A Constituição Federal não discriminou os meios e as providências passíveis de ser tomadas pelo Presidente da República, que esses deverão ser adequados aos critérios da necessidade à lesão institucional.
Controle Político
São os controles realizados pelos representantes do povo (Câmara de Deputados) e dos próprios Estados-membros (Senado Federal), a fim de garantir a excepcionalidade da medida, sobre o ato interventivo.

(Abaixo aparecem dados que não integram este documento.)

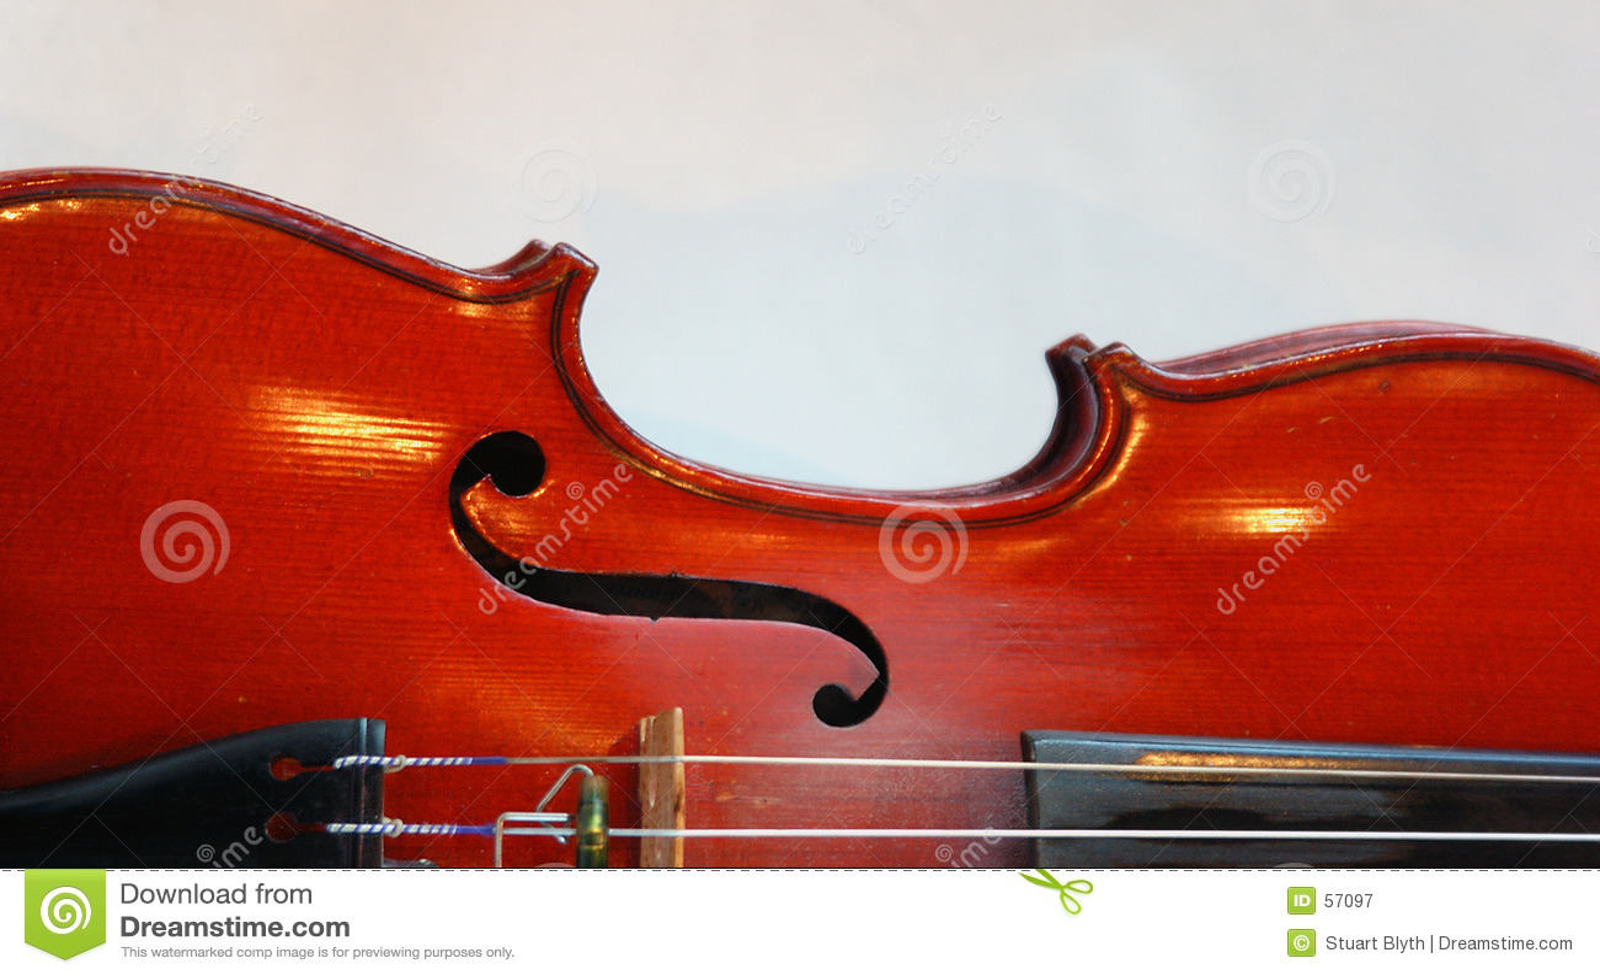 Carrocería del violín
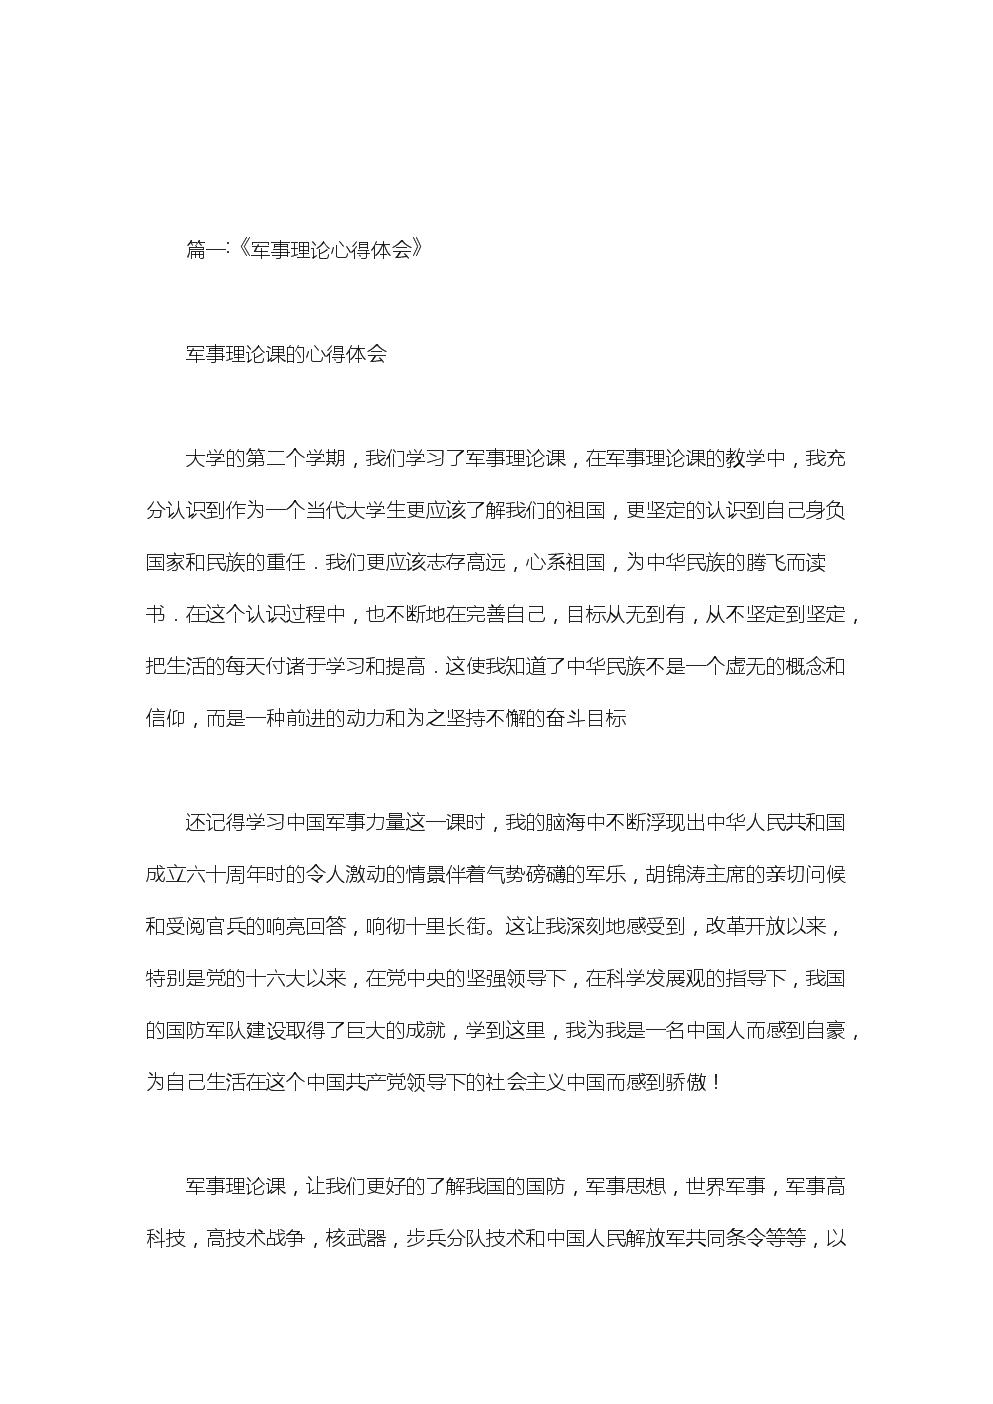 军事理论心得体会1500.doc

Sendo que o Congresso tem 24 horas para aprovar ou rejeitar a intervenção, caso o Congresso aprove, o Presidente da República deverá cessá-la imediatamente, sob pena de crime de Responsabilidade (art. 85, C.F.).
Intervenção Estadual nos municípios
Somente os Estados membros poderão intervir nos municípios, salvo de municípios existentes nos Territórios Federais, quando então será a própria União quem concretizará a intervenção.
A intervenção será aplicada quando:
- Deixar de ser paga, sem motivo de força maior por dois anos consecutivos, a dívida fundada;
- Não forem prestadas contas devidas na forma da lei;
- Não tiver sido aplicado o mínimo exigido da receita municipal na manutenção e desenvolvimento de ensino.
- O Tribunal de Justiça der provimento a representação para assegurar a observância de princípios indicados na Constituição Estadual, ou para prover a execução de lei, de ordem ou de decisão judicial.
REFÊRENCIAS BIBLIOGRÁFICAS
MORAES, Alexandre de. Direto Constitucional. 13ª ed. São Paulo: Atlas, 2003.
SILVA, José Afonso da. Curso de Direito Constitucional Positivo. 19ª ed, São Paulo: Malheiros Editores, 2001.
CARVALHO, Kildare Gonçalves. Direito Constitucional Didático. 8ª ed. rev. e atual., Belo Horizonte: Del Rey, 2002.